INLINE void dvmLockMutex(pthread_mutex_t pMutex) {

    int cc __attribute__ ((__unused__)) = 
pthread_mutex_lock(pMutex);

    assert(cc == 0);
}

and here's pthread_mutex_lock.

int pthread_mutex_lock(pthread_mutex_t mutex) { if (mutex->kind == PTHREAD_MUTEX_NORMAL) { if (atomic_exchange(&mutex->lock, 1) != 0) { while (atomic_exchange(&mutex->lock, -1) != 0) {

        if (wait(mutex->event, INFINITE) != 0) return EINVAL;

      }

    }

  }
  else

  {

    pthread_t self = pthread_self();

    if (atomic_exchange(&mutex->lock, 1) == 0)
    {
      mutex->recursion = 1;

      mutex->owner = self;

    }

    else

    {

      if (pthread_equal(mutex->owner, self))

      {
        if (mutex->kind == PTHREAD_MUTEX_RECURSIVE)
          mutex->recursion++;
        else
          return EDEADLK;
      }
      else
      {
        while (atomic_exchange(&mutex->lock, -1) != 0)
        {
          if (wait(mutex->event, INFINITE) != 0) return EINVAL;
          mutex->recursion = 1;
          mutex->owner = self;
        }
      }
    }
  }

  return 0;
}

and here's an excerpt of dalvik/vm/Thread.c

Notes on Threading

All threads are native pthreads. All threads, except the JDWP debugger thread, are visible to code running in the VM and to the debugger. (We don't want the debugger to try to manipulate the thread that listens for instructions from the debugger.) Internal VM threads are in the "system" ThreadGroup, all others are in the "main" ThreadGroup, per convention.
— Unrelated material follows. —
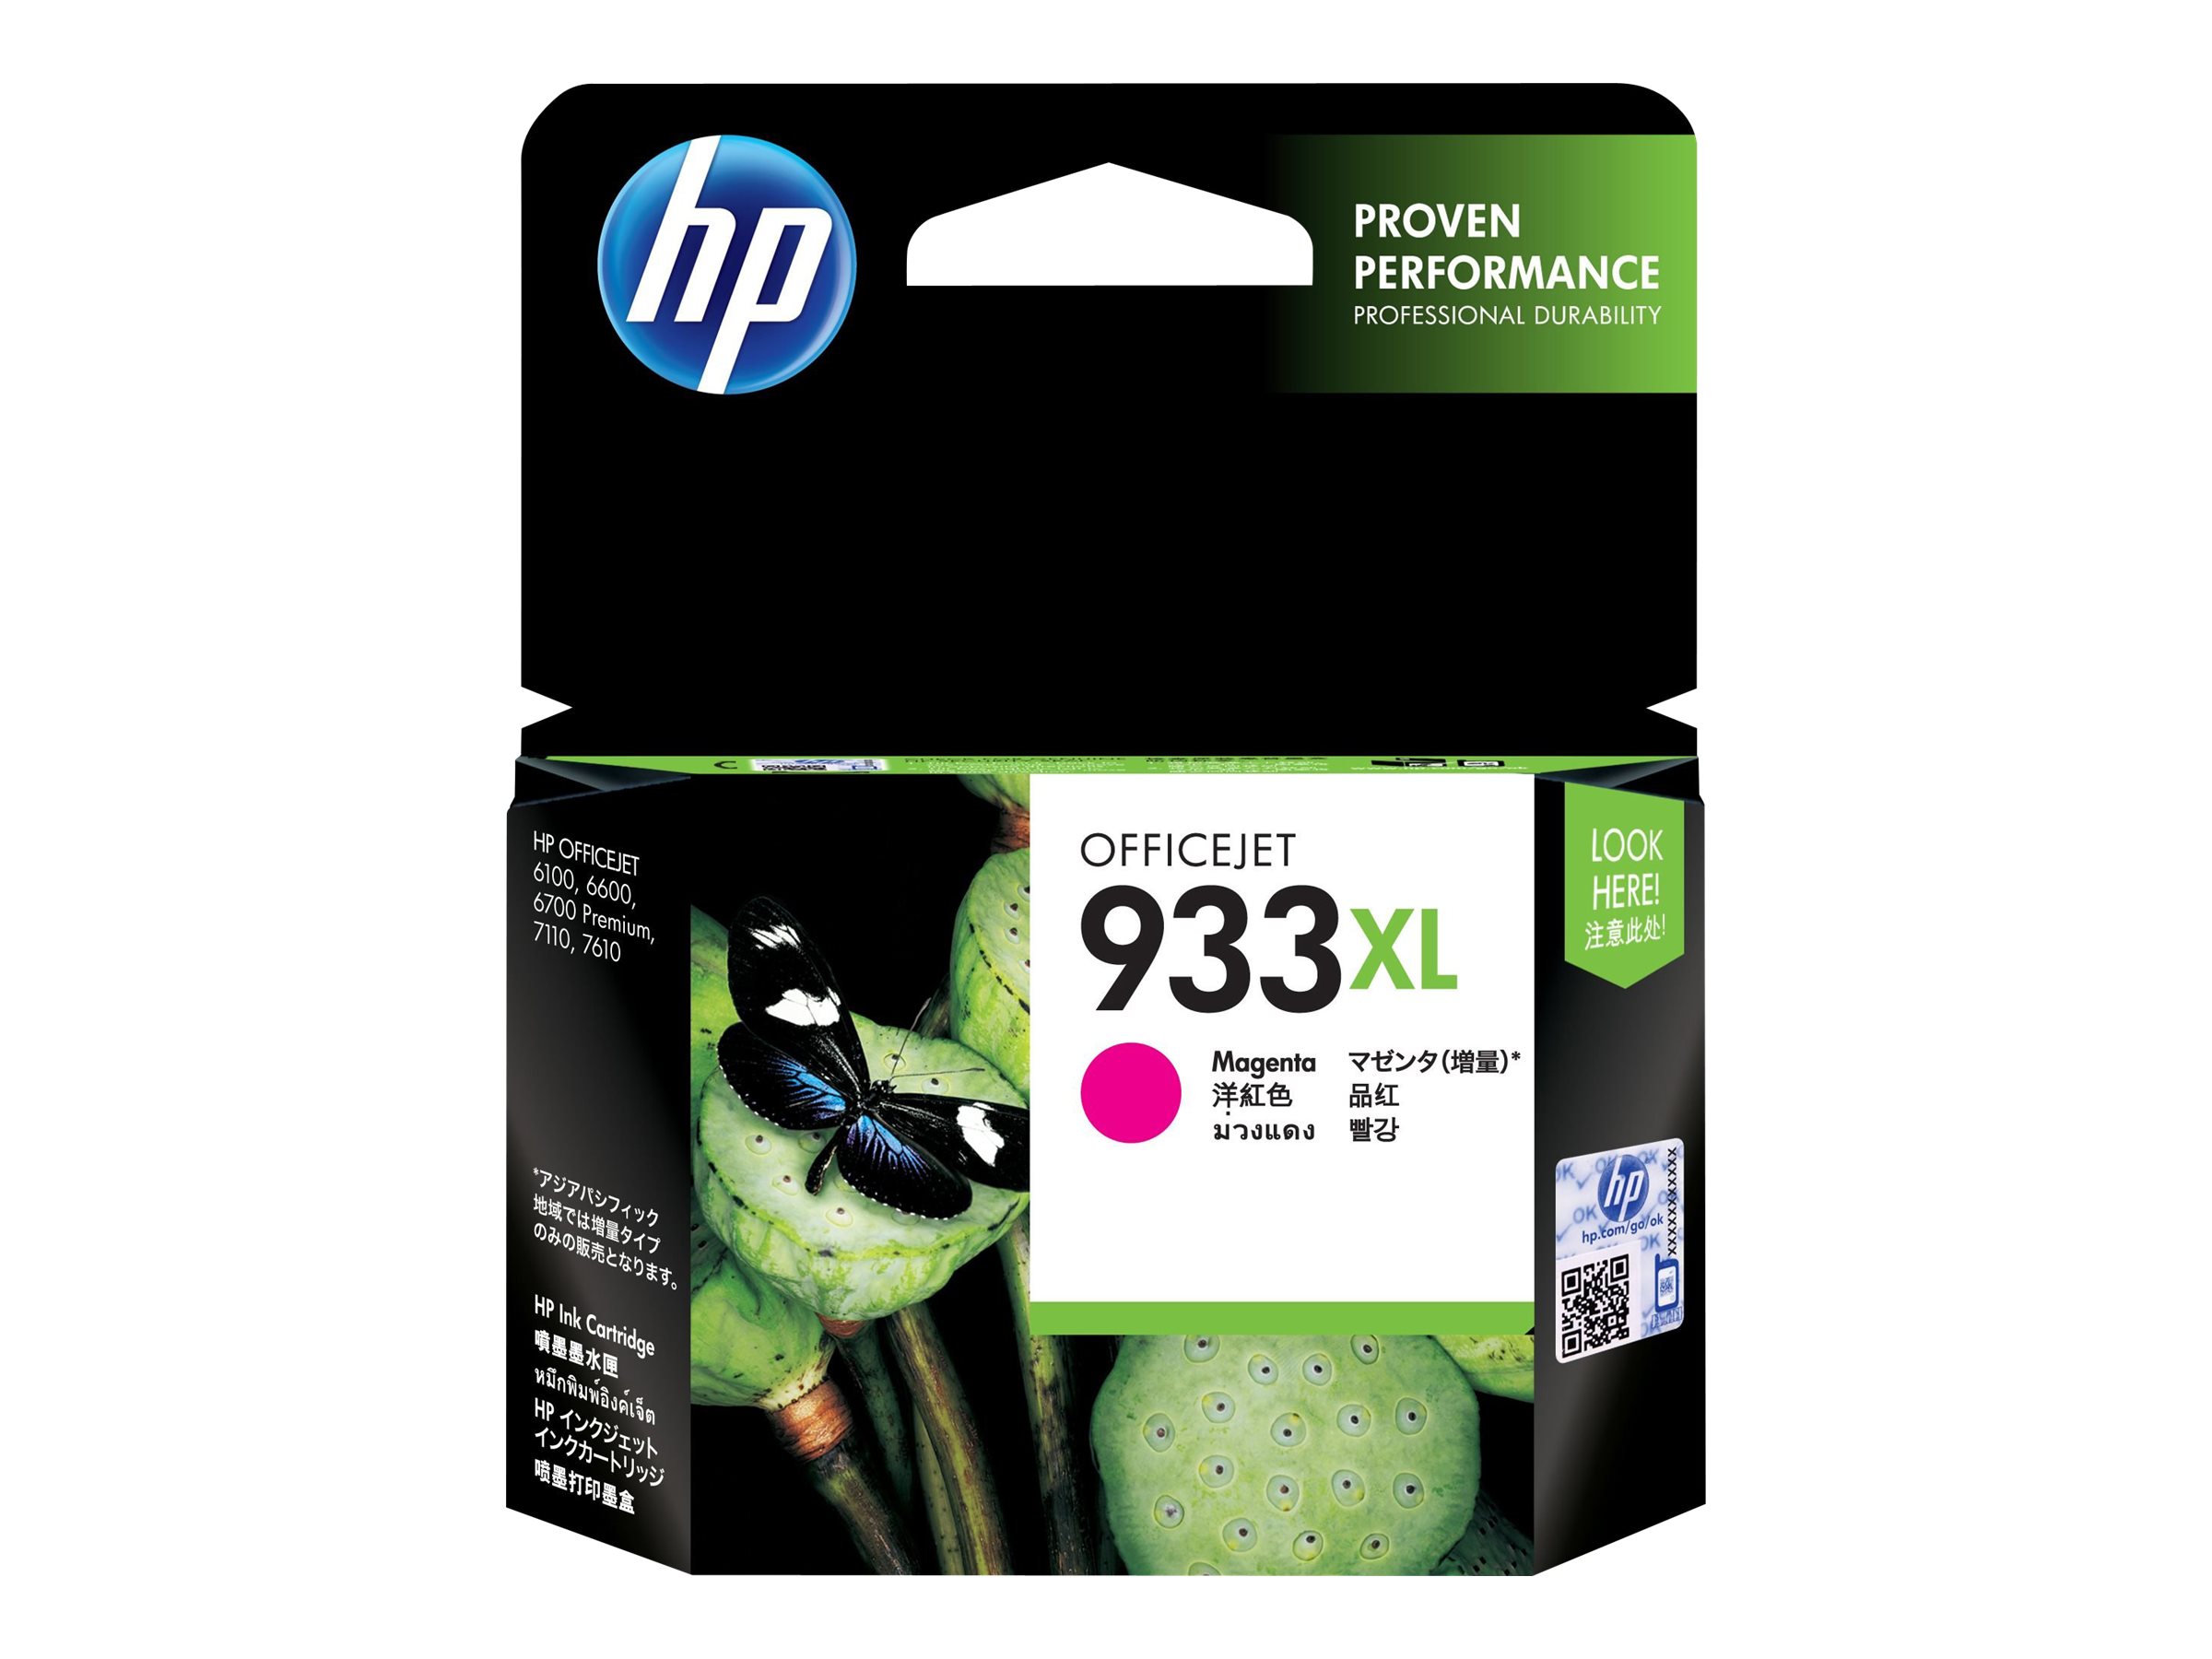 HP 933XL - 8.5 ml - Alto rendimiento - magenta - original - cartucho de tinta - para Officejet 6100, 6600 H711a, 6700, 7110, 7510, 7610, 7612
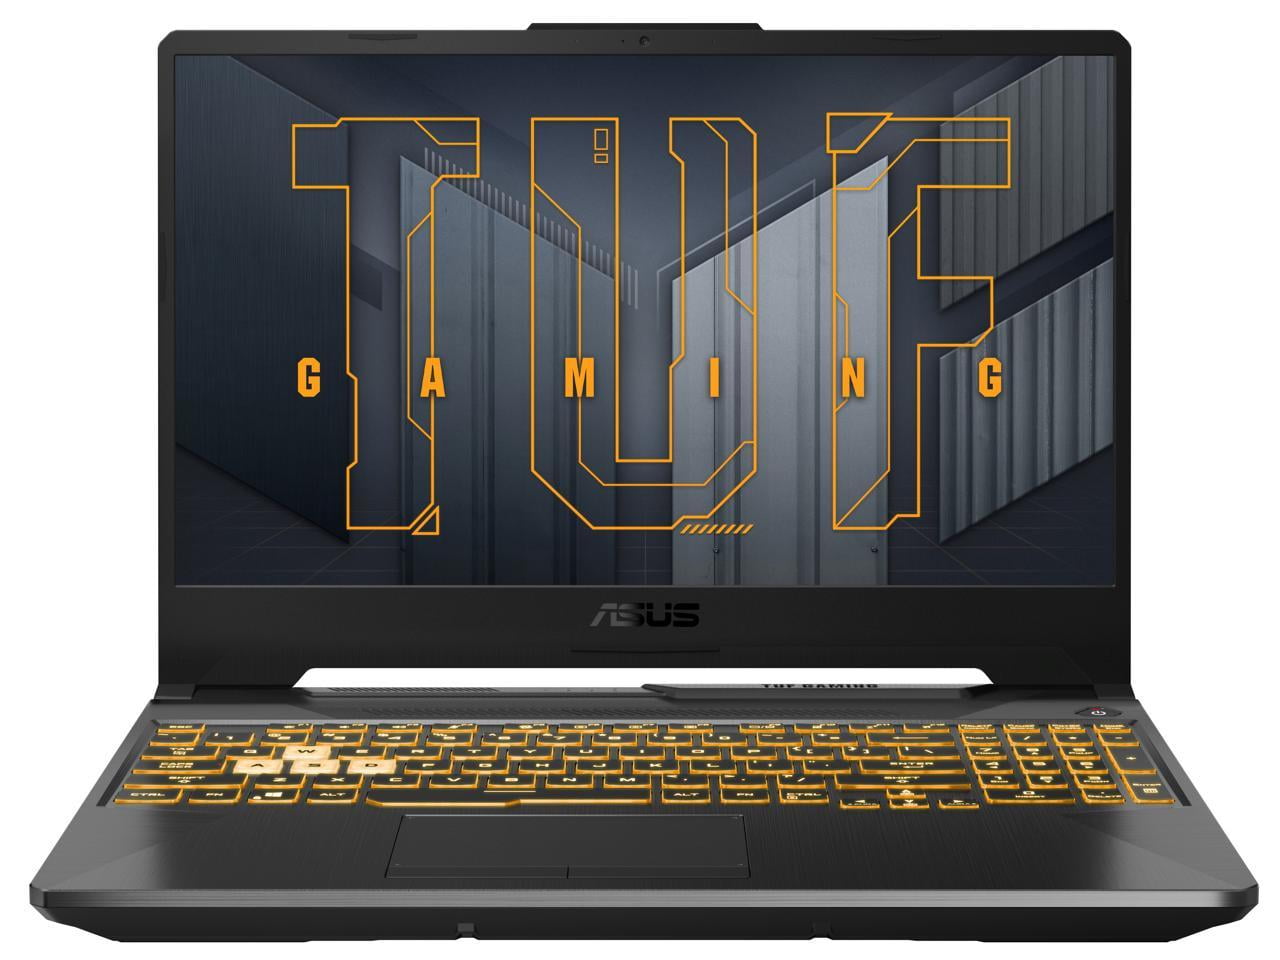 ASUS TUF Gaming F15 Gaming Laptop, 15.6” 144Hz FHD Display, Intel Core  i5-11400H Processor, GeForce RTX 2050, 8GB DDR4 RAM, 512GB PCIe SSD Gen 3

The GC only runs when all threads have been suspended.

...


Regarding the pthread_mutex_lock code you posted: I'd say this shows that in the non-contention case there is no kernel call involved, assuming the used mutexes are of kind PTHREAD_MUTEX_NORMAL; atomic_exchange is likely entirely in user space[1] and thus only if the mutex is already locked will pthread_mutex_lock reach "wait" (wait_event ?) which is probably the kernel call; i.e. those are futexes.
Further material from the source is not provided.